For a single machine with 64 cores, 128Gb Ram and 6TB storage the on-prem cost for 5 years is 25k.
Same machine Co-located in a big datacenter is about the same cost and only depends on how many cabinets are rented.
Now the cloud.........15K per month.

Of course the cloud wins because the man want's this because "it's the future and everybody is doing it"
That's an expensive cloud offering. In AWS it would only be $3,953.52 per month (current on-demand pricing for a i4i.16xlarge with 64 cores, 512 GiB Ram, 4 x 3750 GiB Nvme; and you could get cheaper by using a c6a.16xlarge and EBS for storage and even less if you use a 3-year capacity reservation).
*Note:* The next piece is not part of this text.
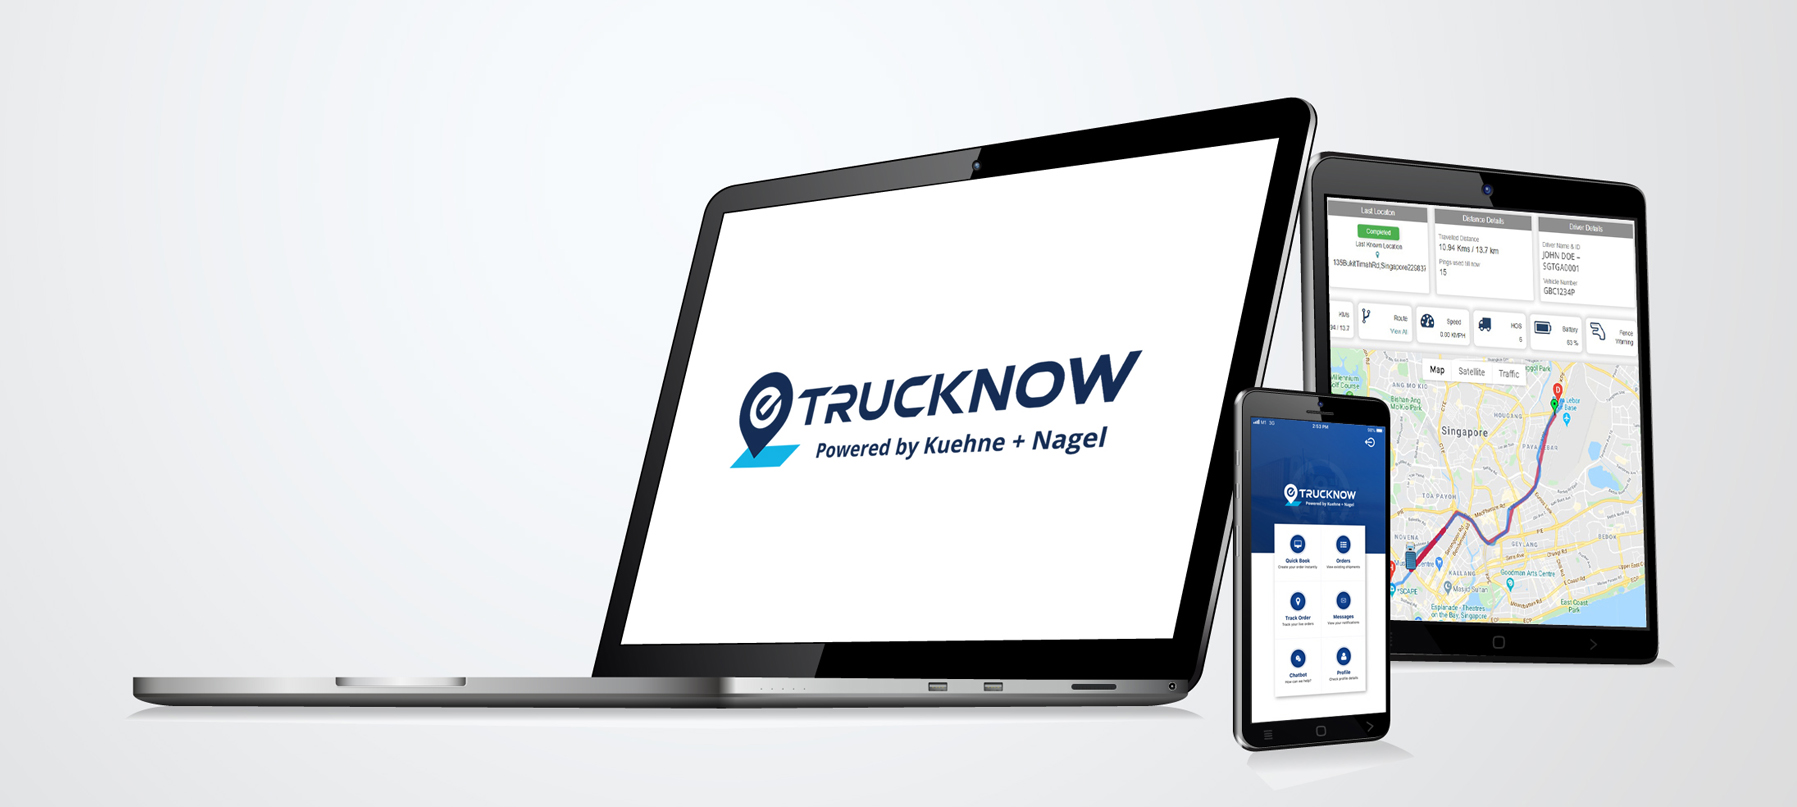 eTrucknow - a digital trucking ecosystem to simplify your day-to-day operations

But whatever, the final numbers aren't really important. If you need fully-provisioned performance, in the long term the cost of the machine is always lower on-prem. The cloud wins in price in general, though, since you:
1. Don't have to pay for hardware failures or electricity
2. Don't have to pay someone's salary to maintain it
3. Only pay for what you use
4. Flexible scaling

You technically do pay for 1 and 2, but only indirectly, and with economies of scale, the business using the cloud can have a much lower total cost of ownership than the business doing it on-prem. For 3, the cloud is a lot cheaper if you have a bursty workload: you don't have to pay for a 64 core machine and have it idle 90% of the time in your environment. You pay for the 64 cores only when you need them. For 4, if 64 cores turns out to not be enough, you can easily scale up. If it's too much, you can scale down. So it's a lot easier to right size your purchase.

The real power of the cloud is not in the infrastructure offerings, though, it's in the platform and software offerings that can be connected together to build powerful solutions.

All that said, yes, the cloud is still expensive, and there are still very valid reasons to do things on-prem from a cost perspective (my company is doing that, for example). We're still staying in the cloud for some things and reducing our on-prem footprint as it relates to older data centers, but there's definitly more acceptance these days for expanding our on-prem infra instead of going to the cloud for some things. Versus 2 years ago when it looked like closing down most of our on-prem infrastructure was the eventual goal.